Whilst a person has the freedom to make a Will and give the property and assets of their estate to whomever they wish, this freedom is subject to the rights given to certain people under Part 3 of the Succession Act in New South Wales, which exists to ensure that adequate provision is provided to the eligible family members of the deceased person.

If someone who is an eligible family member believes that they have been left out of a Will or unfairly provided for, then a family provision claim is an avenue for that person to challenge the terms of the Will in the Supreme Court of New South Wales.

In order to make a family provision claim, you must:

  1. Be an “eligible person” under the relevant laws;
  2. Have been left out of a Will entirely or feel as if the benefit you have received is not enough for your needs;
  3. Show the Court that you have a need for further provision (i.e. a further benefit) from the estate.

We understand that there some difficult situations that come with the passing of a loved one and there are times that people may feel as if they have been unfairly provided for in the Will or completely left out of the will of a deceased person.

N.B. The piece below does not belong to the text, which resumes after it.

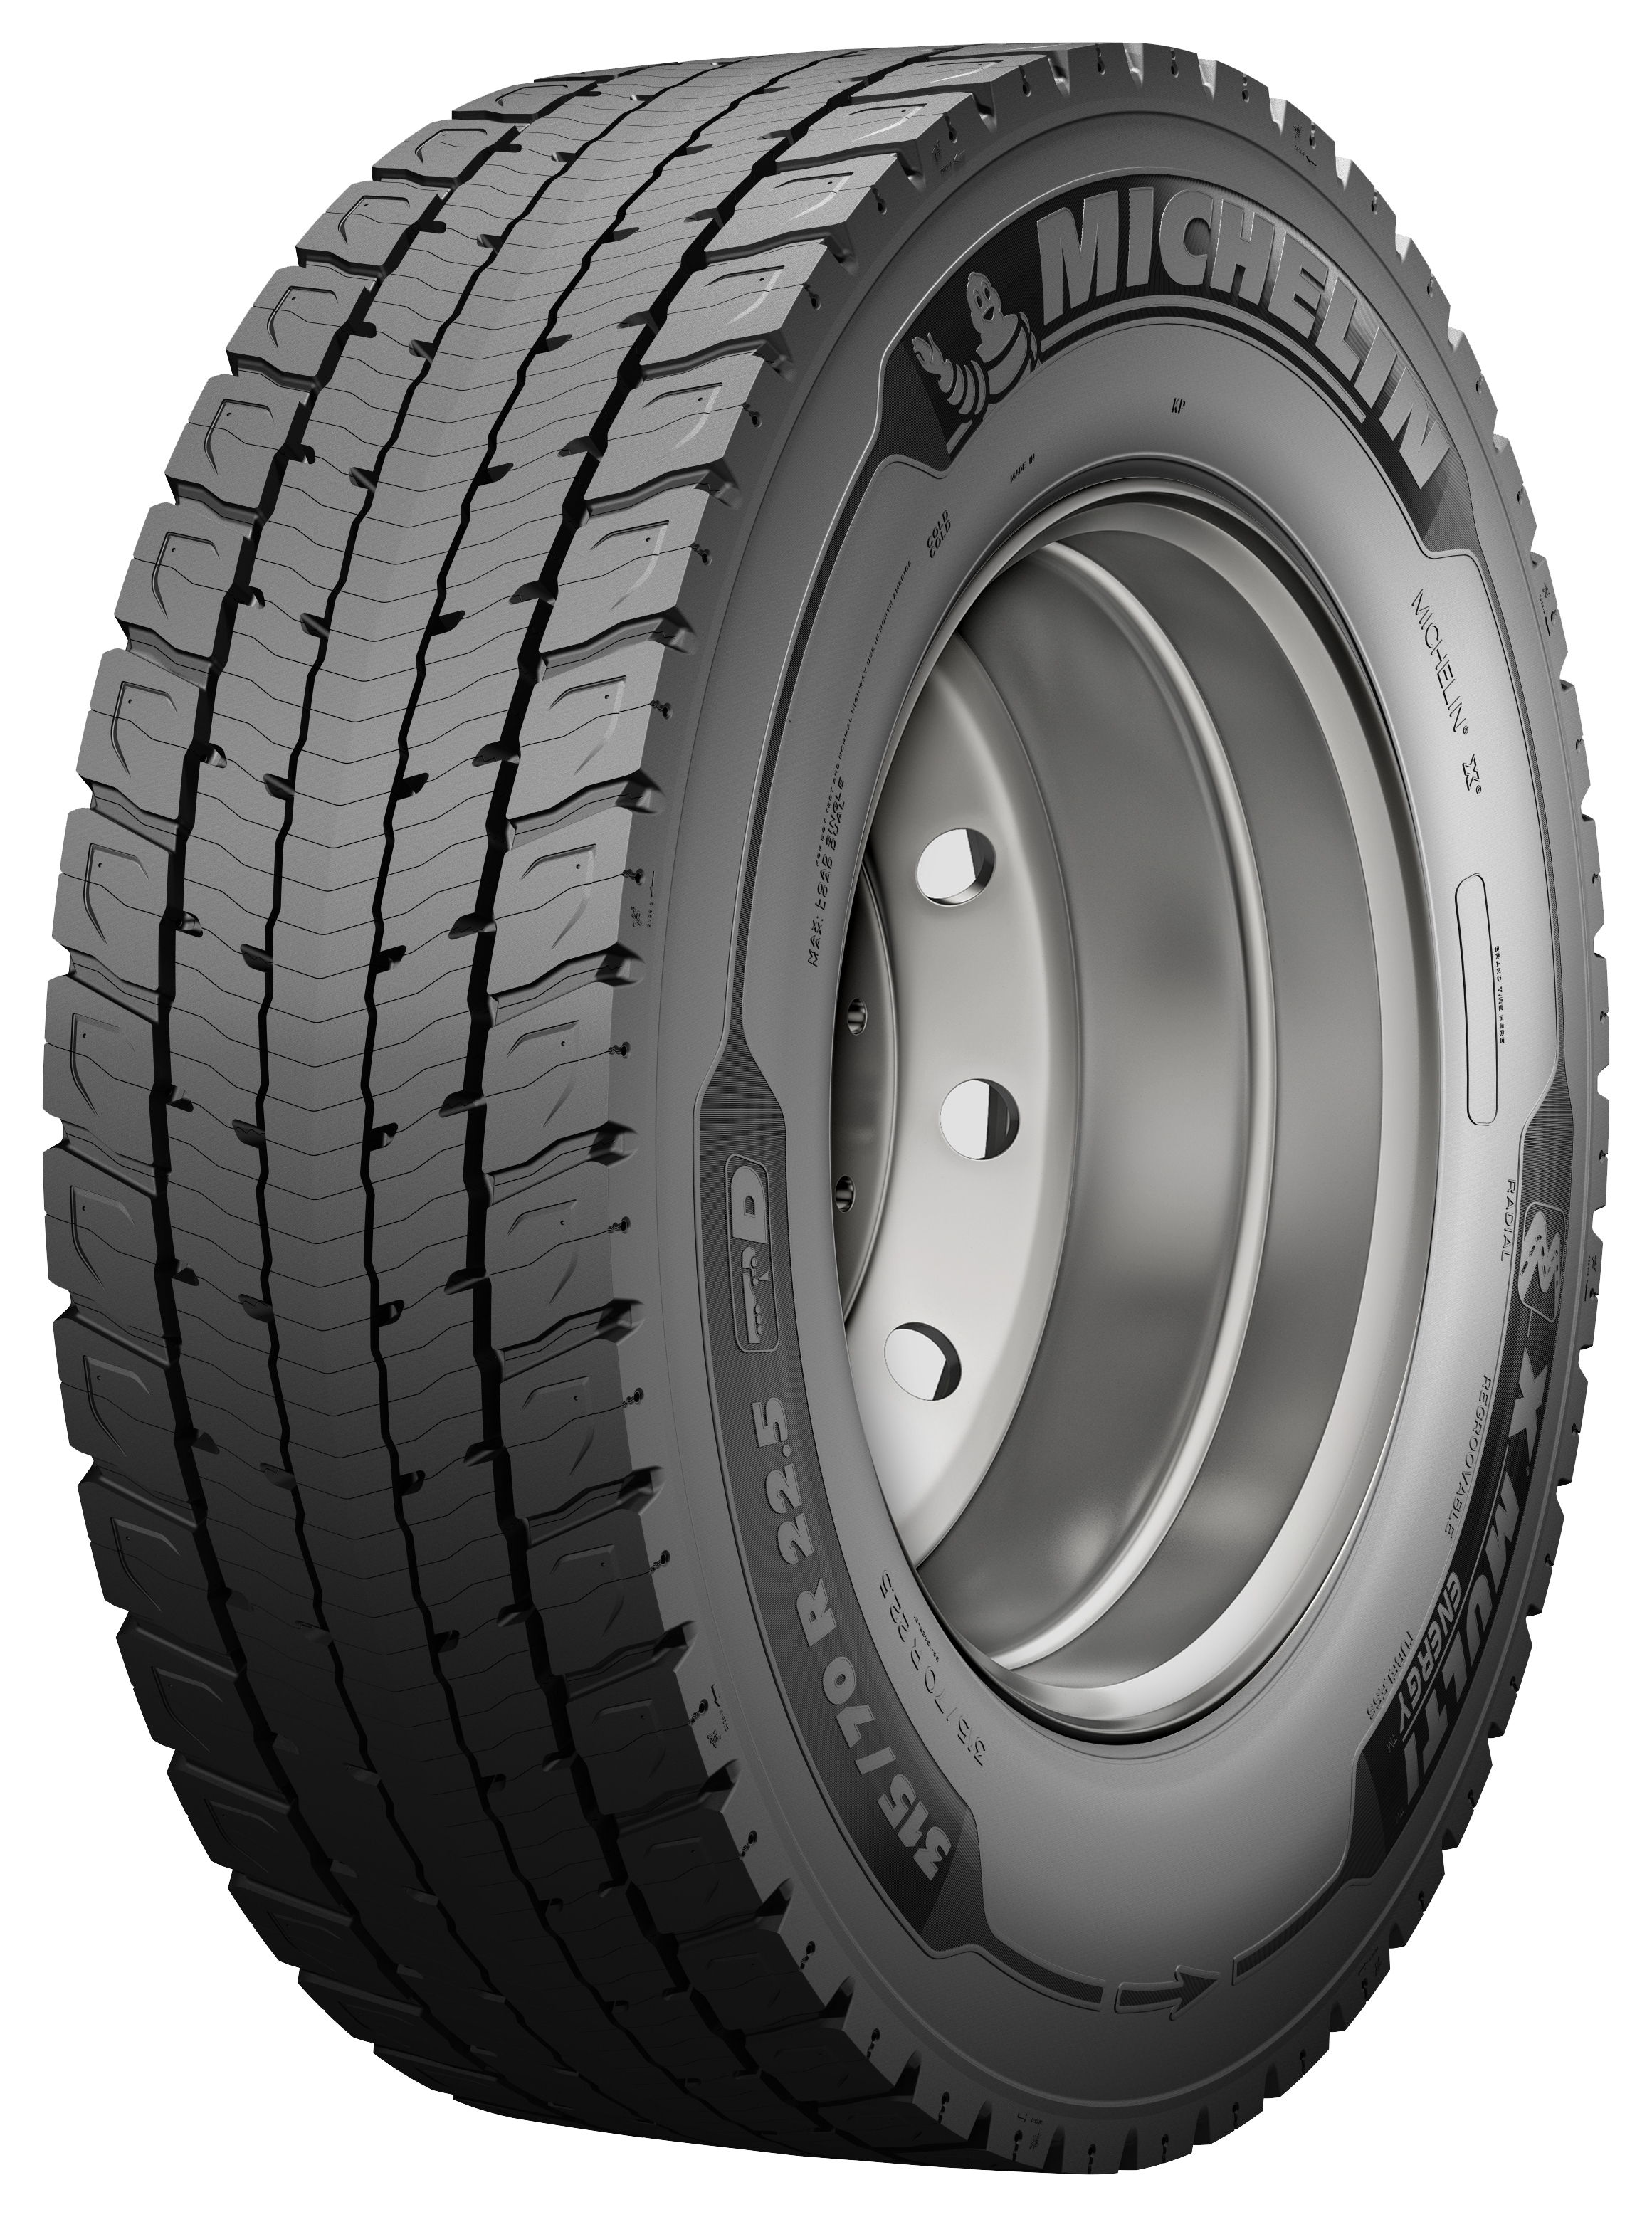 Gomme Nuove Michelin 315/70 R22.5 156/154L X MULTI ENERGY D 70 M+S (8.00mm) pneumatici nuovi Estivo

The opposite sometimes applies where you may find yourself defending the last wishes of your loved one against such a claim by someone who was left out for a reason.

The Wills & Estates Team at Coutts works are able to help you with any questions you may have in relation to making or defending a family provision claim.

Frequently Asked Questions

A family provision claim can only be made by an “eligible person” under section 57 of the Succession Act 2006 (NSW).

The following are ”eligible persons”:

  1. A husband or wife of the deceased person;
  2. A de-factor partner of the deceased person;
  3. A former husband or wife of the deceased person;
  4. A child of the deceased person (including adopted and step-children);
  5. A person who at any time, was wholly or partially dependent on the deceased person and Who was either a grandchild or member of the household that the deceased person lived; or
  6. A person with whom the deceased person lived with in a close personal relationship.

If the eligible person is under the age of 18 years, then the family provision claim may be made by someone else on their behalf.

A family provision claim must be commenced with the Supreme Court of New South Wales within twelve (12) months of the date of death of the deceased person.

The Court may give an eligible person permission to apply if this time has lapsed in very special circumstances, but it is important that you seek professional legal advice and make your claim within the strict time period.

There are no hard and fast rules about how a family provision claim will be finalised, how long the claim will take or what decision the Court will make because each and every estate has its own unique facts and circumstances.

In every family provision claim, the Court will consider evidence about:

  1. The relationship of the applicant to the deceased person.
  2. The nature and extent of the estate assets.
  3. The nature and extent of any obligations owed by the deceased person to the applicant.
  4. The financial circumstances of the applicant.
  5. The financial circumstances of anyone else that the applicant is living with.
  6. Any physical, intellectual or mental disability of the applicant.
  7. The applicant’s age.
  8. Any contribution by the applicant to the deceased person’s estate.
  9. Any contribution by the applicant to the deceased person’s welfare.
  10. Whether the deceased person made any provision for the applicant during their lifetime.
  11. Any evidence of testamentary intentions of the deceased person (in their will or verbal statements they may have made).
  12. The character and conduct of the applicant and any other relevant person.
  13. Any relevant Aboriginal or Torres Strait Islander customary law.

Any other matter the Court considers to be relevant.